Fiber Impl. | Min. | Avg. | Max. | Stddev. | Confidence Interval | |||
---|---|---|---|---|---|---|---|---|
Quasar Fibers | 695.613 | 29x | 721.457 | 758.231 | 20.796 | 99.9% | 699.226 | 743.689 |
Akka Actors | 856.807 | 23x | 911.295 | 963.403 | 34.345 | 99.9% | 874.578 | 948.012 |
Quasar Actors | 1553.224 | 13x | 1606.718 | 1660.329 | 35.756 | 99.9% | 1568.492 | 1644.943 |
Java Threads | 15730.028 | 1x | 20709.233 | 33084.117 | 4338.423 | 99.9% | 16071.196 | 25347.270 |
Results point out that even in the worst case (which corresponds to Quasar
Actors in the figures) fiber implementation on the average performs 13 times
better compared to native Java threads. In addition, Akka Actors and Quasar
Fibers improve this level up to 23x and 29x, respectively. All that being said
and done, I could not reason about the performance difference between Quasar
Fibers and Actors, given that actors are implemented using fibers in Quasar. In
order to further investigate the problem, I profiled the benchmarks using
-agentlib:hprof=cpu=samples,interval=20,depth=3
. (See
HPROF
documentation for further information on the parameters.)

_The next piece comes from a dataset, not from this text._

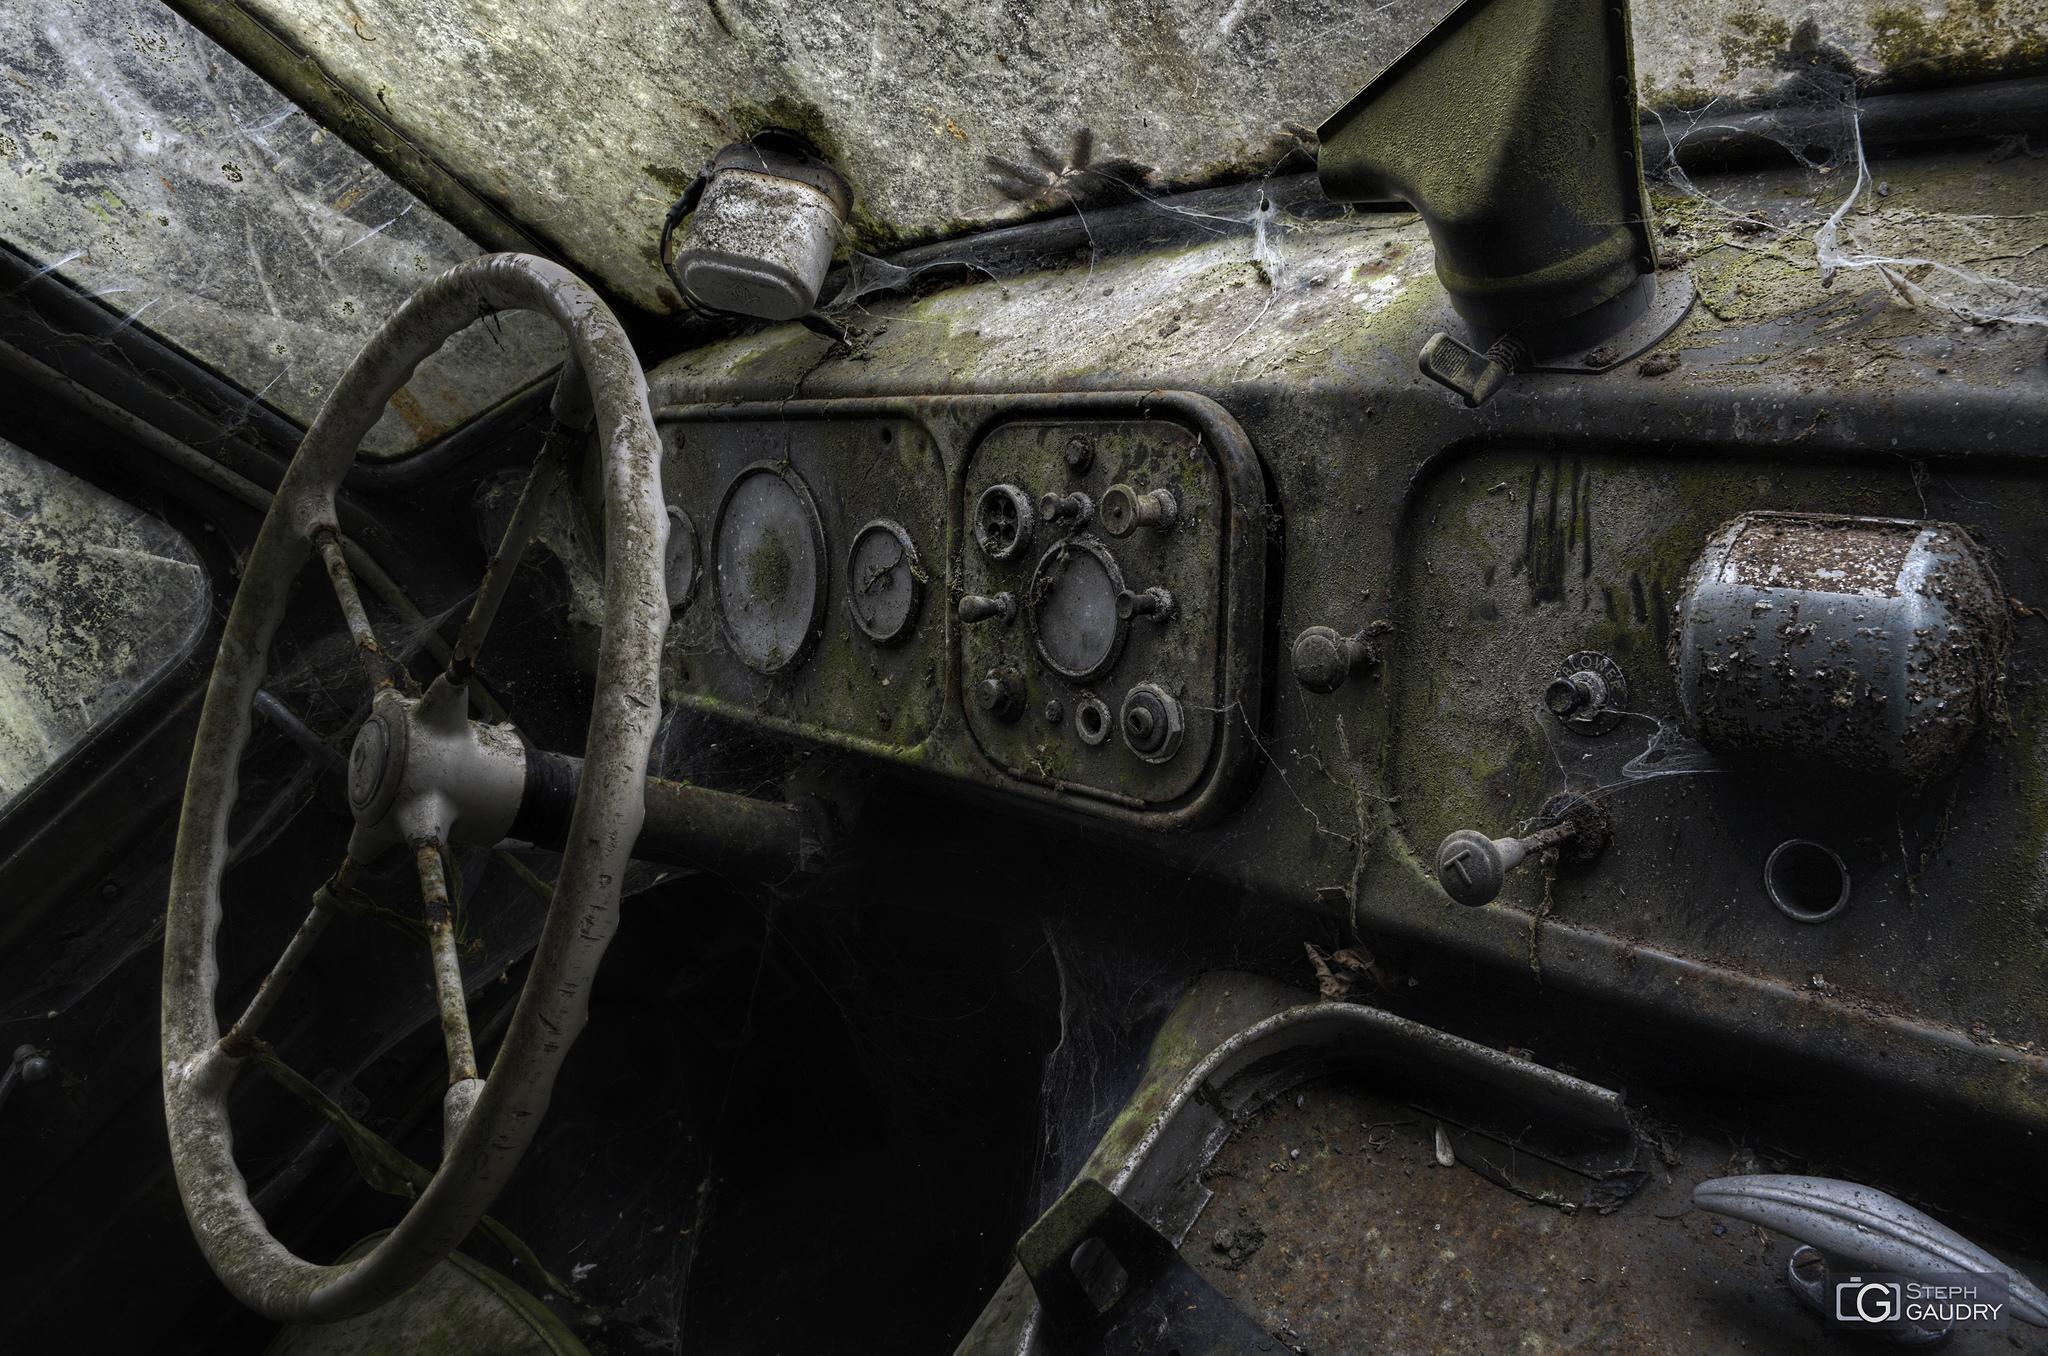 The ghost truck [Klik om de diavoorstelling te starten]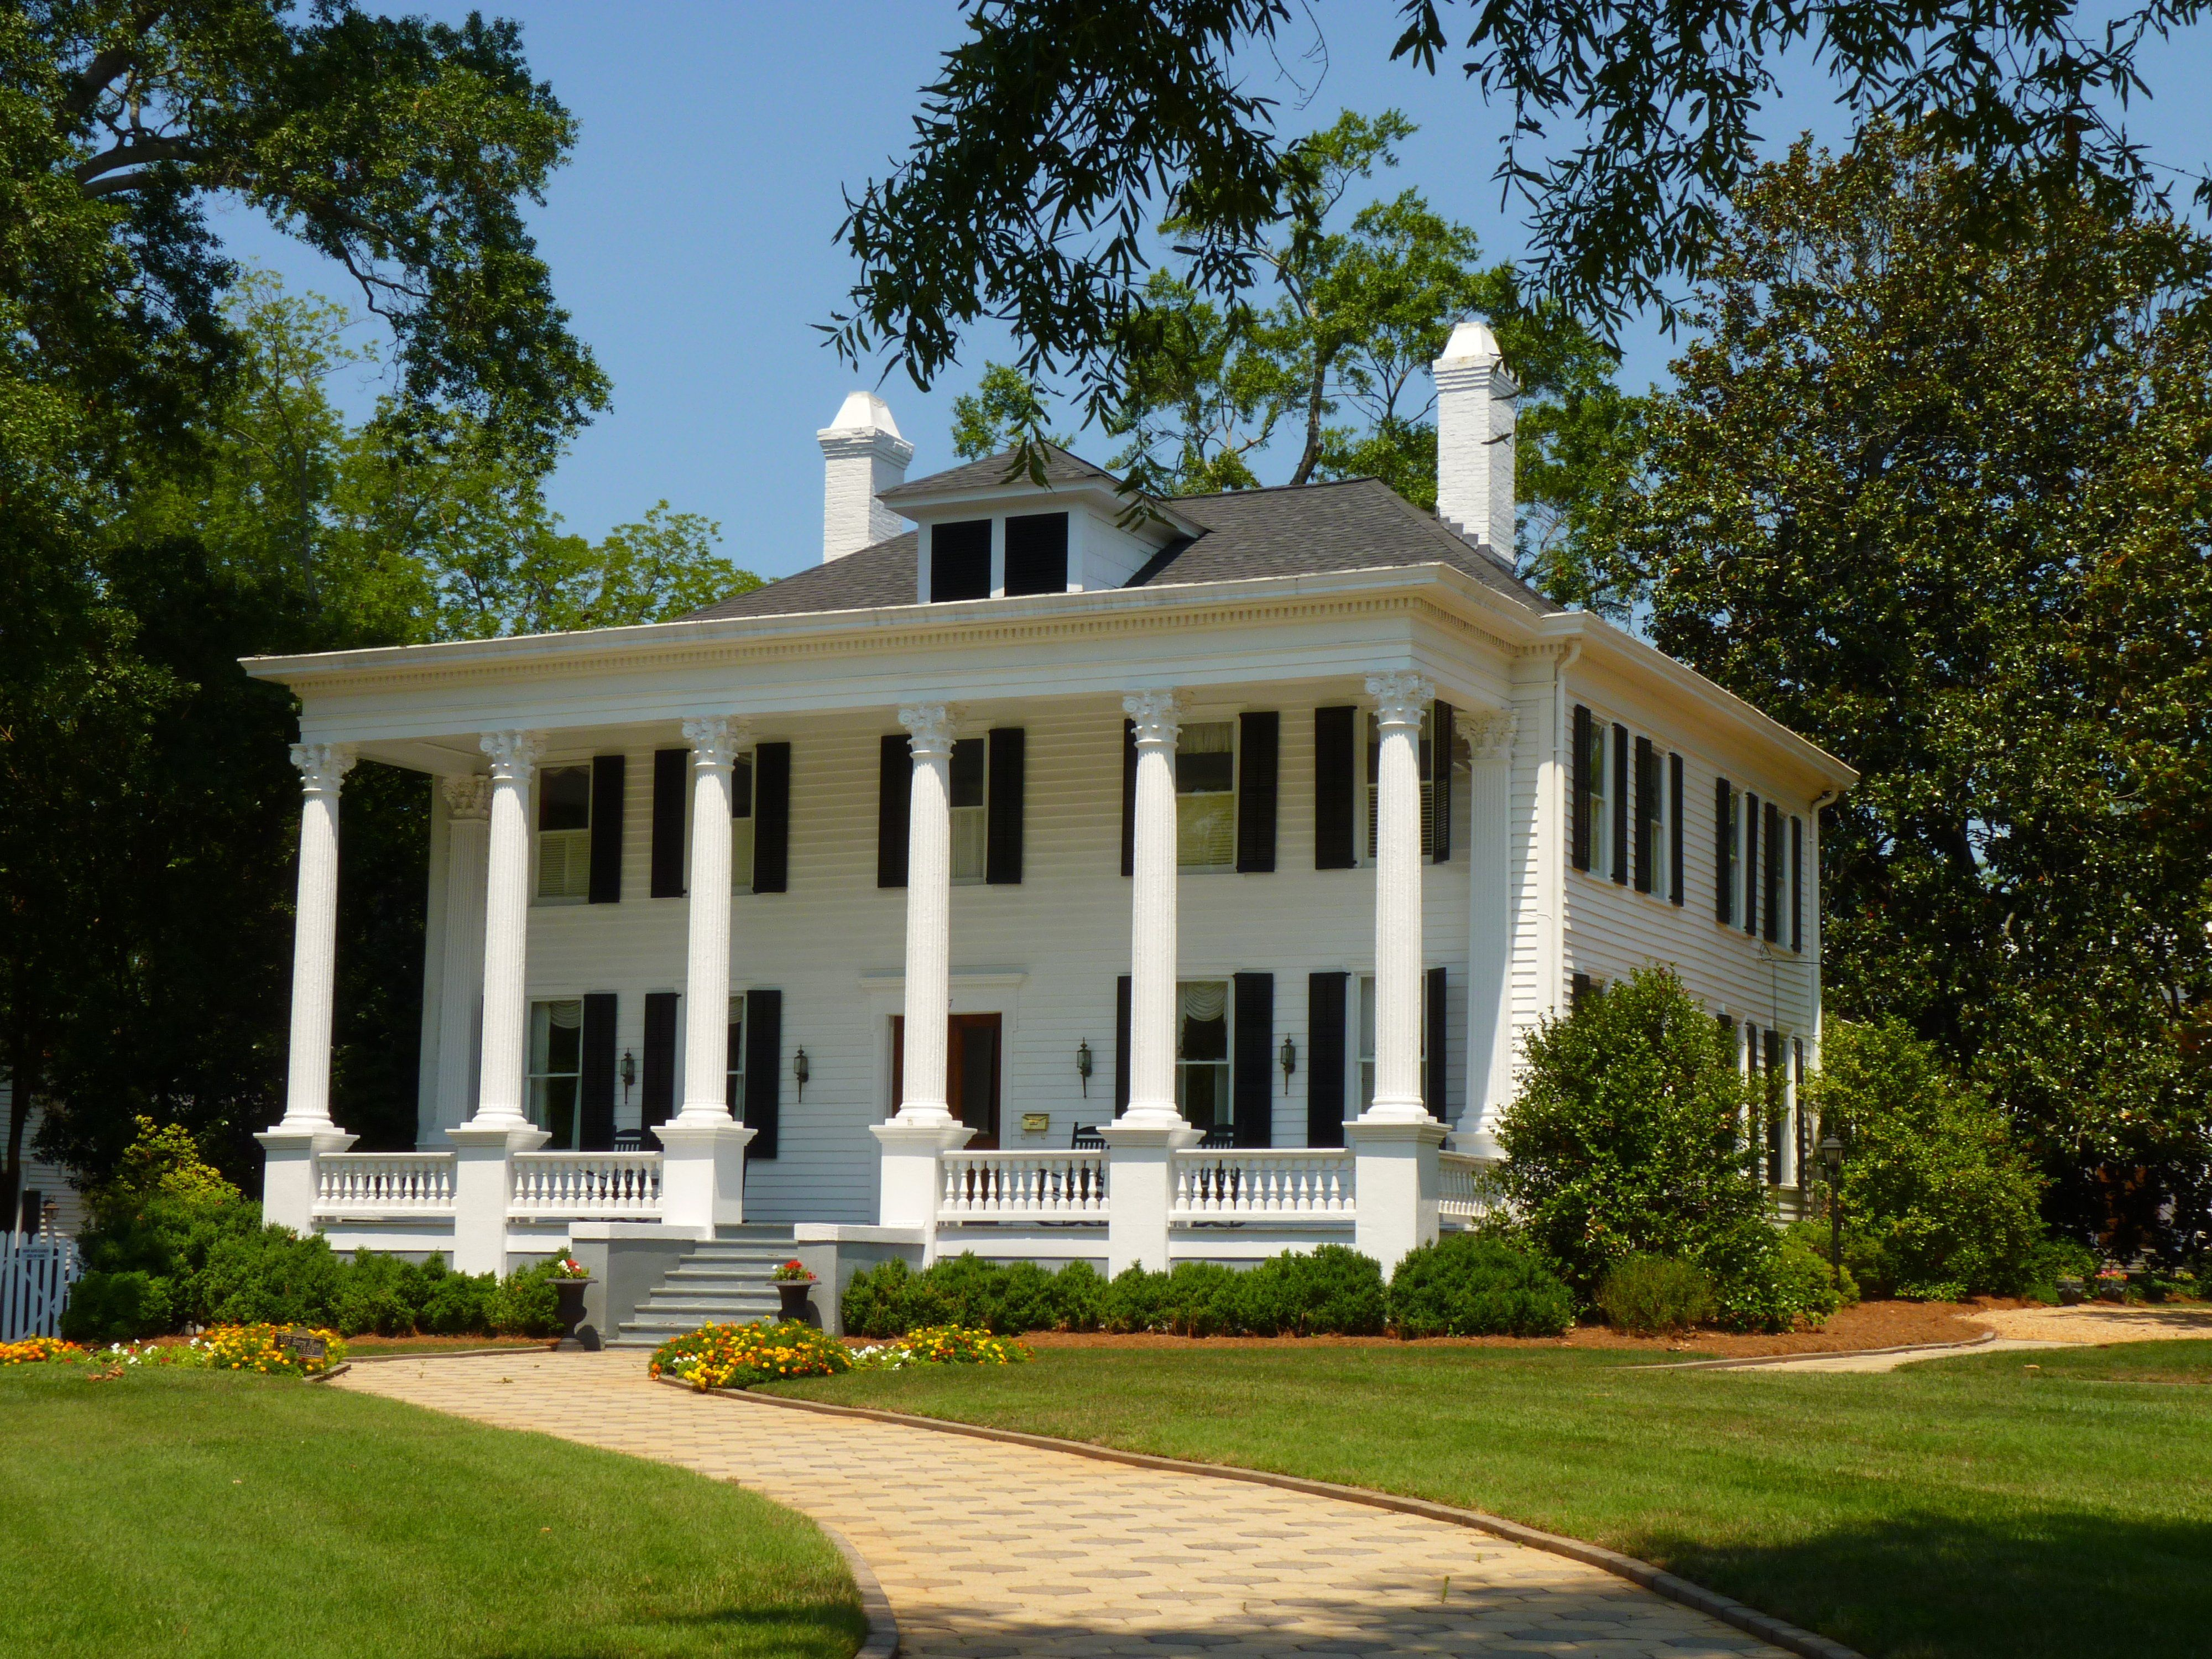 Madison georgia antebellum home beautiful south for Antebellum plantations for sale

rank | self | accum | count | trace | method |
---|---|---|---|---|---|
Quasar Fibers | |||||
1 | 47,55% | 47,55% | 67286 | 300366 | co.paralleluniverse.fibers.Fiber.run1 |
2 | 47,48% | 95,04% | 67186 | 300364 | com.github.vy.fibertest.QuasarFiberRingBenchmark$InternalFiber.run |
3 | 3,37% | 98,40% | 4765 | 300372 | com.github.vy.fibertest.QuasarFiberRingBenchmark$InternalFiber.run |
Quasar Actors | |||||
1 | 22,17% | 22,17% | 77787 | 300526 | co.paralleluniverse.fibers.Fiber.park1 |
2 | 18,53% | 40,69% | 65011 | 300508 | co.paralleluniverse.fibers.Fiber.run |
3 | 18,32% | 59,01% | 64292 | 300527 | co.paralleluniverse.strands.channels.SingleConsumerQueueChannel.receive |
4 | 18,27% | 77,28% | 64114 | 300517 | com.github.vy.fibertest.QuasarActorRingBenchmark$InternalActor.doRun |
5 | 17,39% | 94,67% | 61009 | 300528 | co.paralleluniverse.actors.ActorRunner.run |
Akka Actors | |||||
1 | 64,09% | 64,09% | 5158 | 300307 | scala.concurrent.forkjoin.ForkJoinPool.runWorker |
2 | 12,51% | 76,60% | 1007 | 300298 | sun.misc.Unsafe.park |
3 | 10,69% | 87,29% | 860 | 300309 | sun.misc.Unsafe.unpark |
4 | 2,65% | 89,94% | 213 | 300300 | scala.concurrent.forkjoin.ForkJoinPool.scan |
5 | 1,12% | 91,05% | 90 | 300316 | akka.dispatch.Dispatcher.dispatch |
Java Threads | |||||
1 | 94,33% | 94,33% | 10373 | 300057 | sun.misc.Unsafe.unpark |
2 | 5,59% | 99,93% | 615 | 300058 | sun.misc.Unsafe.park |
As anticipated, Java Threads were bitten by park
/unpark
methods in
sun.misc.Unsafe
. Whereas, Akka Actors and Quasar Fibers perform some sort of
interleaving between routines to avoid these calls and that totally rocks.
Unfortunately, it turns out that the channel mechanisms (e.g.,
co.paralleluniverse.strands.channels.SingleConsumerQueueChannel
) in Quasar
Actors somehow trigger the Quasar core to employ park
calls in between the
message receivers and that predominantly consumes the majority of the fiber
runtime.
Observing that fiber implementations perform superior compared to standard Java Threads is nothing new. However, seeing Quasar Fibers showing up impressive performance is not something I was expecting, considering that the project is in its very early stages. That being said, it appears that channels in Quasar Actors have a certain room for improvement and might borrow some ideas from its Akka counterpart. In the overall, both fiber implementations show stable and noteworthy performance figures and stand as a perfect standard Java Thread replacement for a considerable amount of use cases.